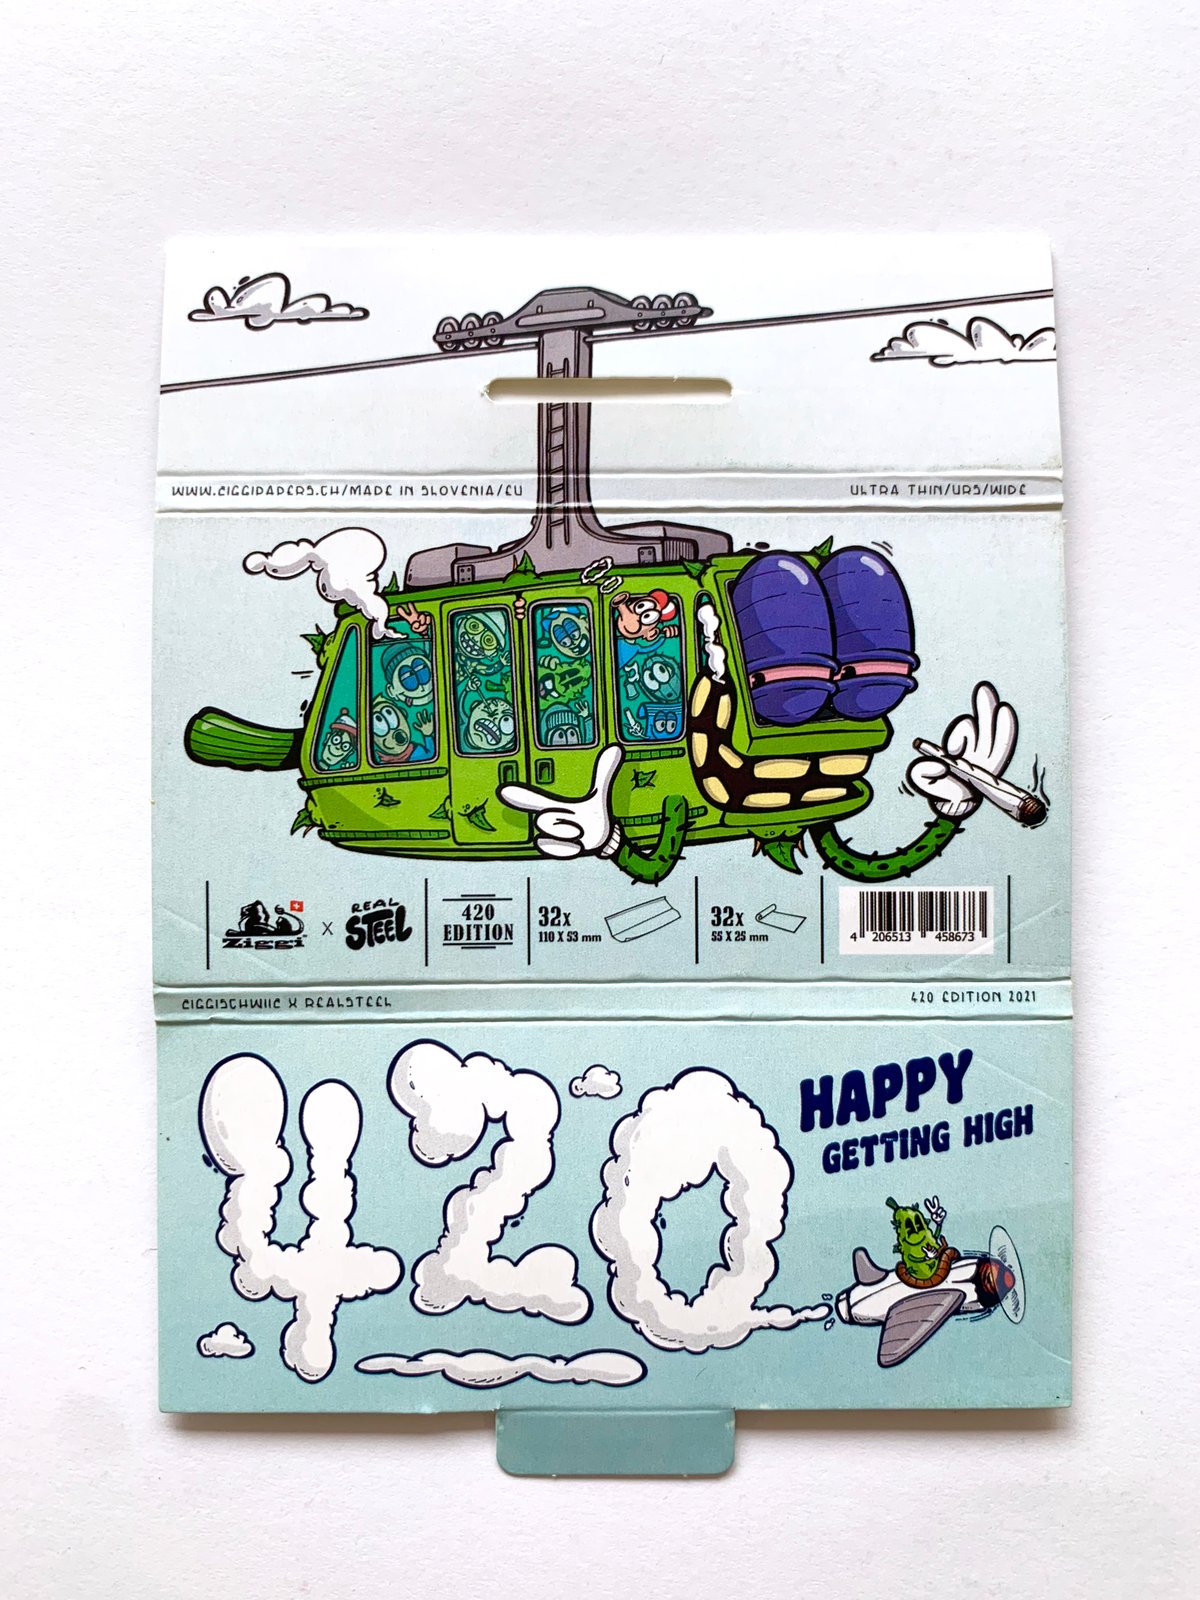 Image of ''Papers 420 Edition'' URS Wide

...

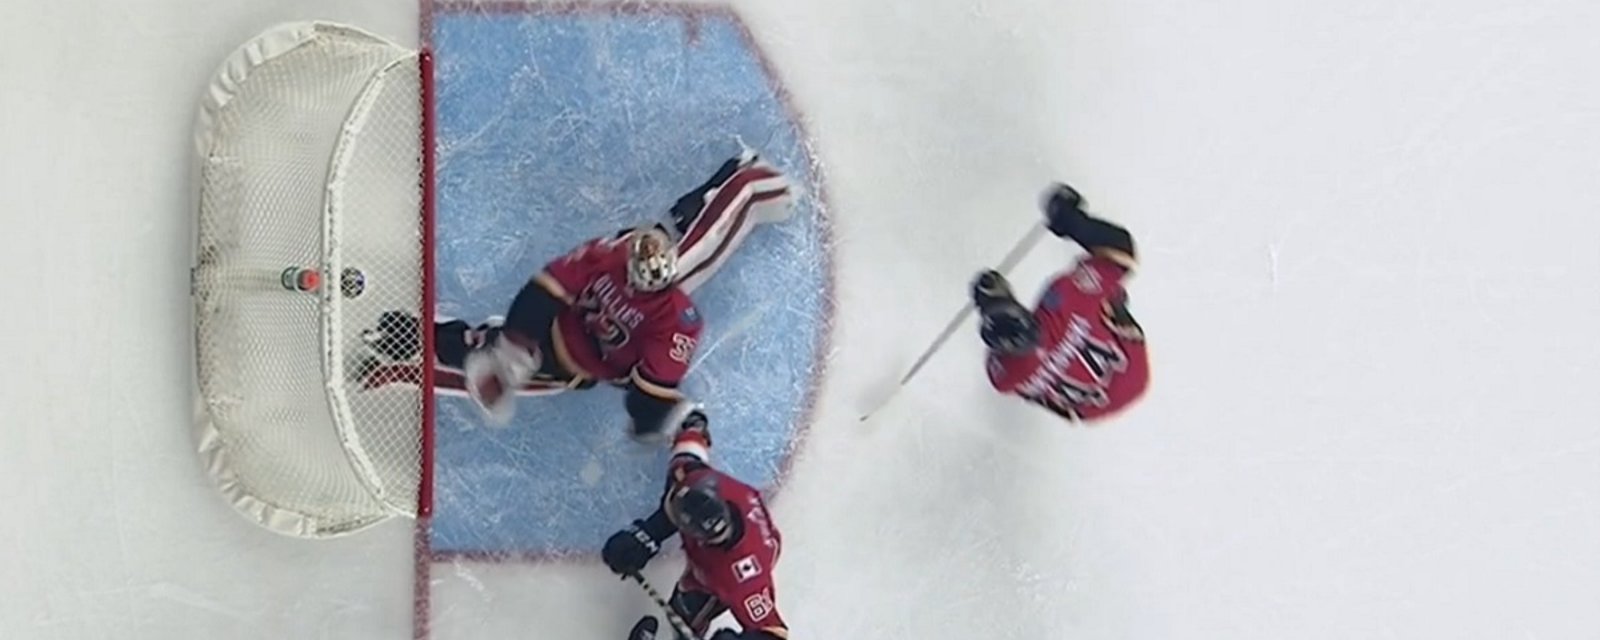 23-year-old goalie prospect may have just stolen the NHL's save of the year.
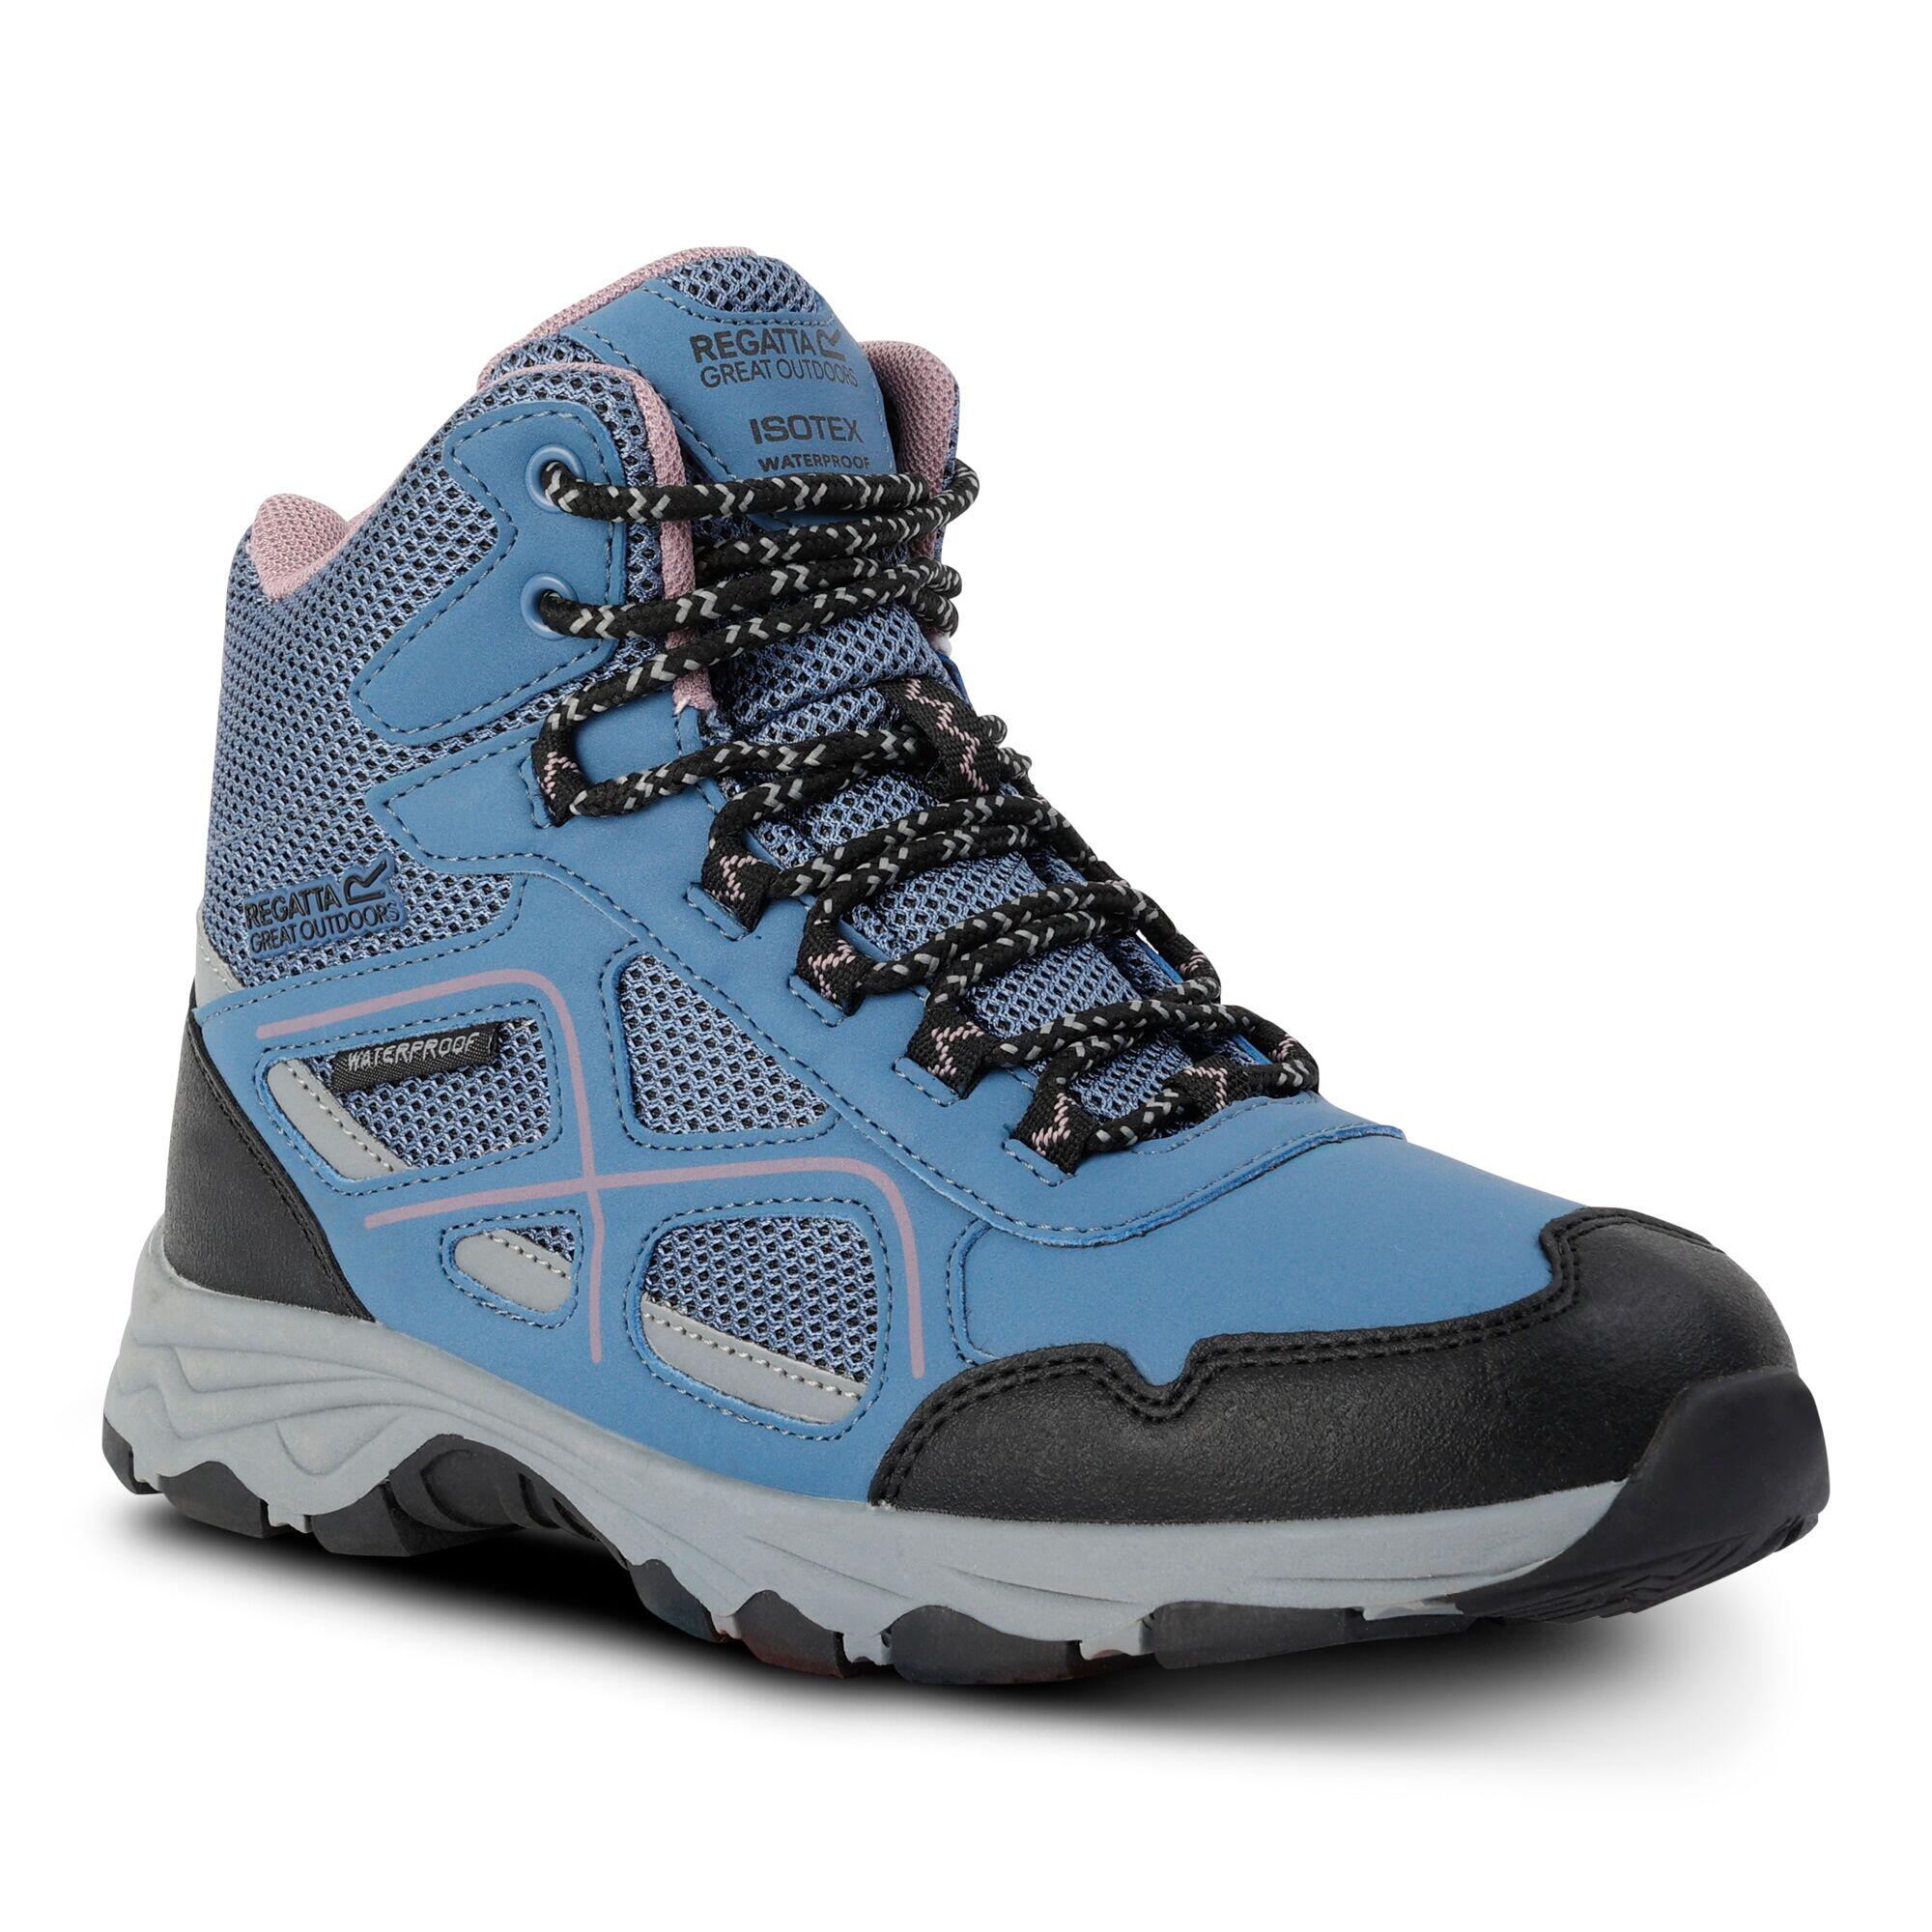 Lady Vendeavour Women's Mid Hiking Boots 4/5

**Your instructions**
While skipping the pictures, transcribe the data above from the line showing "23-year-old goalie prospect" through the line showing "Lady Vendeavour Women's Mid Hiking Boots 4/5", exactly and with both ends.

**Response to this task**
 23-year-old goalie prospect may have just stolen the NHL's save of the year.
 Lady Vendeavour Women's Mid Hiking Boots 4/5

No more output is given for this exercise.